“I (elected or appointed individual) do solemnly swear (or affirm) that I will support the constitution and laws of the United States and the constitution and laws of this State; and I will faithfully and impartially discharge and perform all the duties incumbent upon me as (elected or appointed position), and according to the best of my ability and understanding. So help me God.”
The foregoing is the so-called “loyalty oath” to which all Louisiana State hires or elected officials must fill out—in writing as a condition of employment or elective office.
The second part of the oath reads, “A person may be temporarily employed for fifteen days, and if the above statement is not filed by the fifteenth day, he shall be discharged.”
The loyalty oath has been around since the end of the Civil War and were first adopted by state and federal governments as “test oaths” which the Supreme Court said exceeded a pledge of future loyalty when it struck down the law in 1867. That decision established the principle which continues today: loyalty oaths cannot be used o punish people retroactively for past beliefs or associations. The court considered that a violation of the First Amendment.

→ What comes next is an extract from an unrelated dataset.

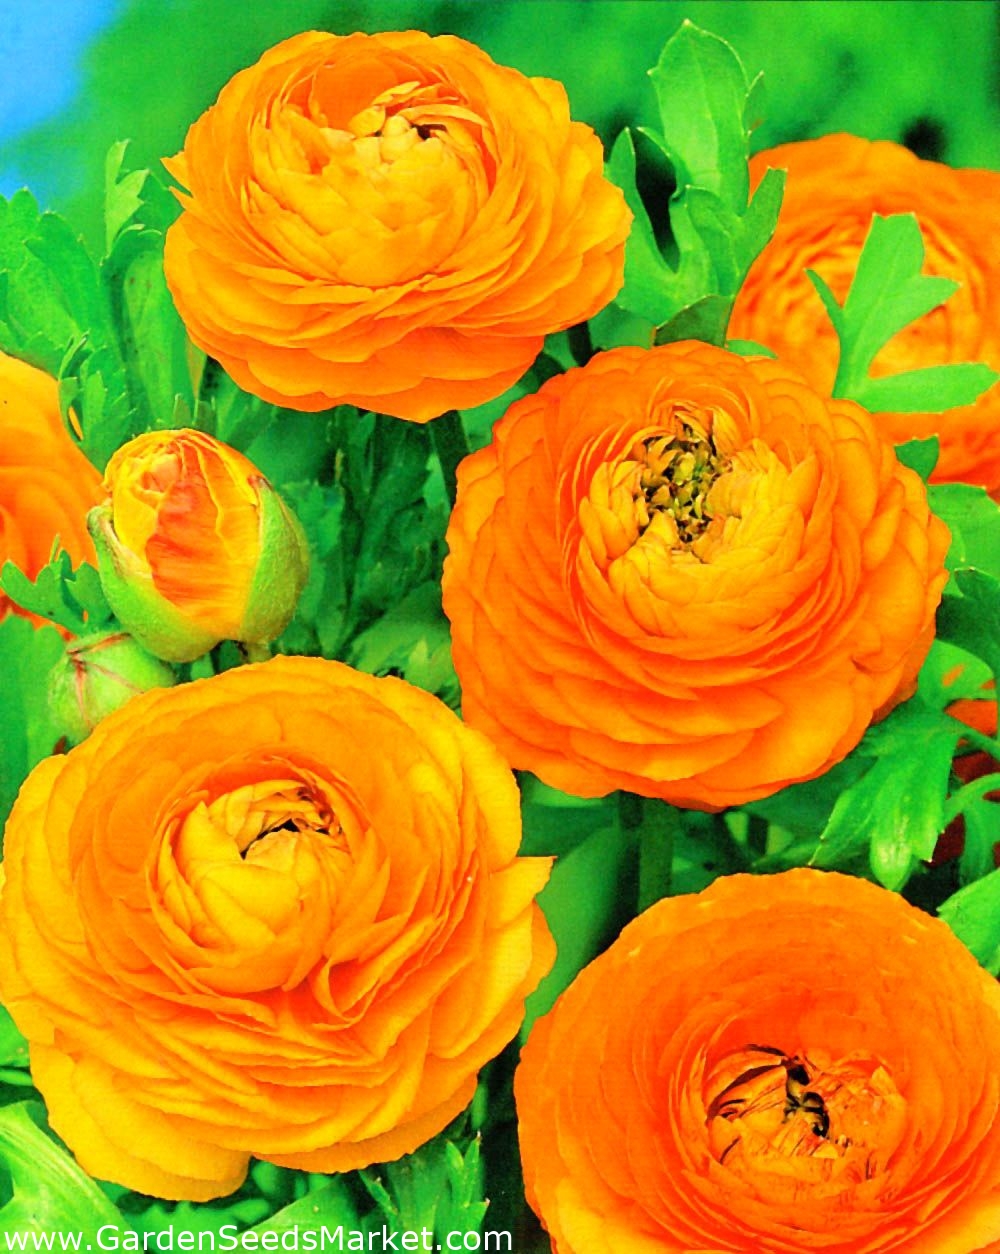 Bouton d'or orange - Grand pack! - 100 pièces – Garden Seeds Market |  Livraison gratuite

With the advent of the Cold War, the most aggressive expansion of loyalty oaths was undertaken with a demand that public employees swear they were not members of the Communist Party or any organization advocating the violent overthrow of the U.S. government. That, it turned out, was called a “negative oath” which led to a wave of litigation with the so-called “affirmative oath,” which ask for a pledge of future support of the Constitution and the law, emerging as the oaths administered today. The difference is that today’s oaths do not typically demand that one disclaim membership in any group.
State Sen. Tony Guarisco of Morgan City attempted in 1986 to scrap the oath because of what he considered as a violation of the First Amendment.

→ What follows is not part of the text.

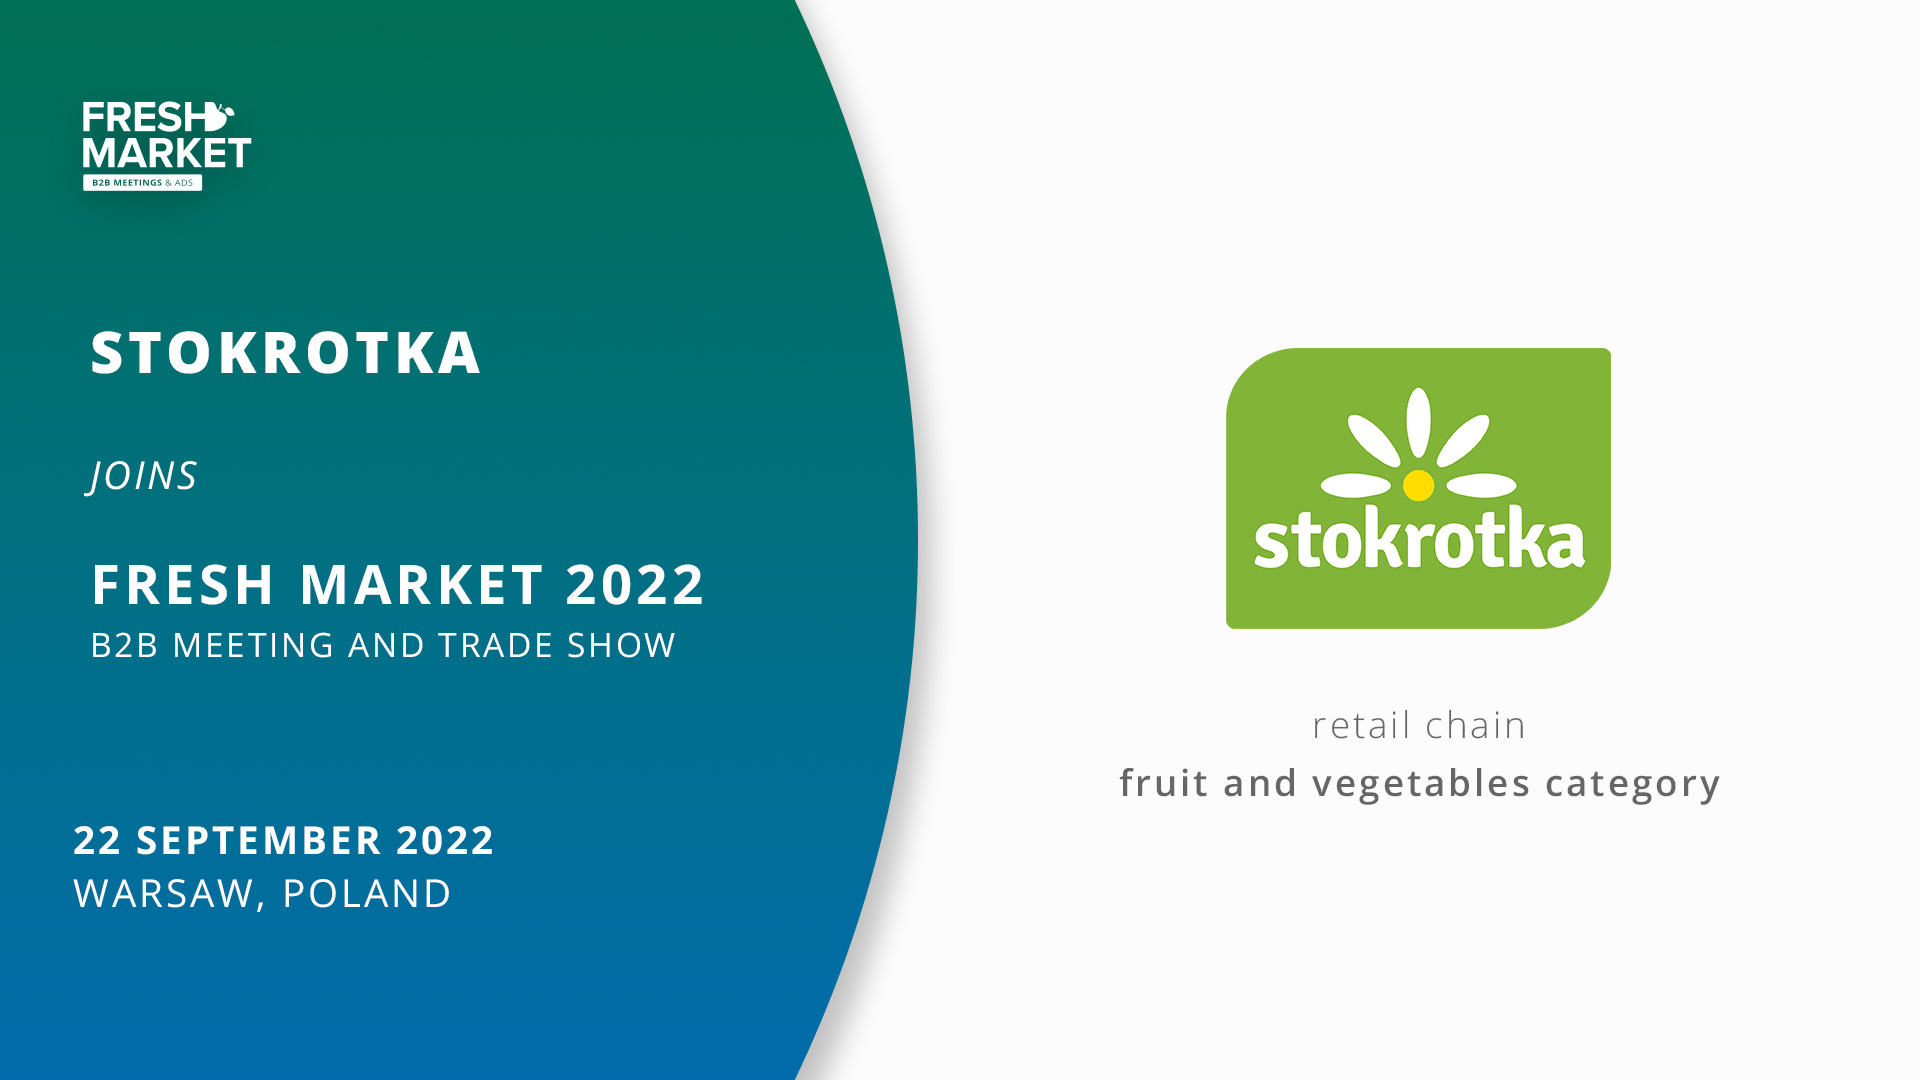 Stokrotka Fresh Market 2022

“It never got out of committee,” he remembers. “I was the only ‘yes’ vote. Committee members ridiculed a young LSU professor who was the only person to testify. He testified in favor of the bill.”
The loyalty oath was weaponized as a result of the House Committee on Unamerican Activities, which in turn was spawned by McCarthyism and his Red Scare tactics. Two of the members of the HCUA were from Louisiana: U.S. Reps. Ed Willis of St. Martinville, the committee chair, and F. Edward Hebert of New Orleans.
Since the [State Senate] committee wanted to keep the law in place, I asked the governor’s appointees who required [Senate] confirmation, “Are you now or were you ever…”
One appointee, he said, stormed out of the committee room yelling that Guarisco had called him a communist.
“The loyalty oath is still in effect,” Guarisco said, “but it’s hidden as part of R.S. 42:52 (ed seq) that people such as college professors have to sign.
“Years ago, a young, highly sought-out English professor from another state was recruited by USL (not ULL). He declined to sign the oath and was not hired.”
Guarisco, 87, served in the Louisiana State Senate from 1976-1988. He received his law degree from Loyola University in New Orleans.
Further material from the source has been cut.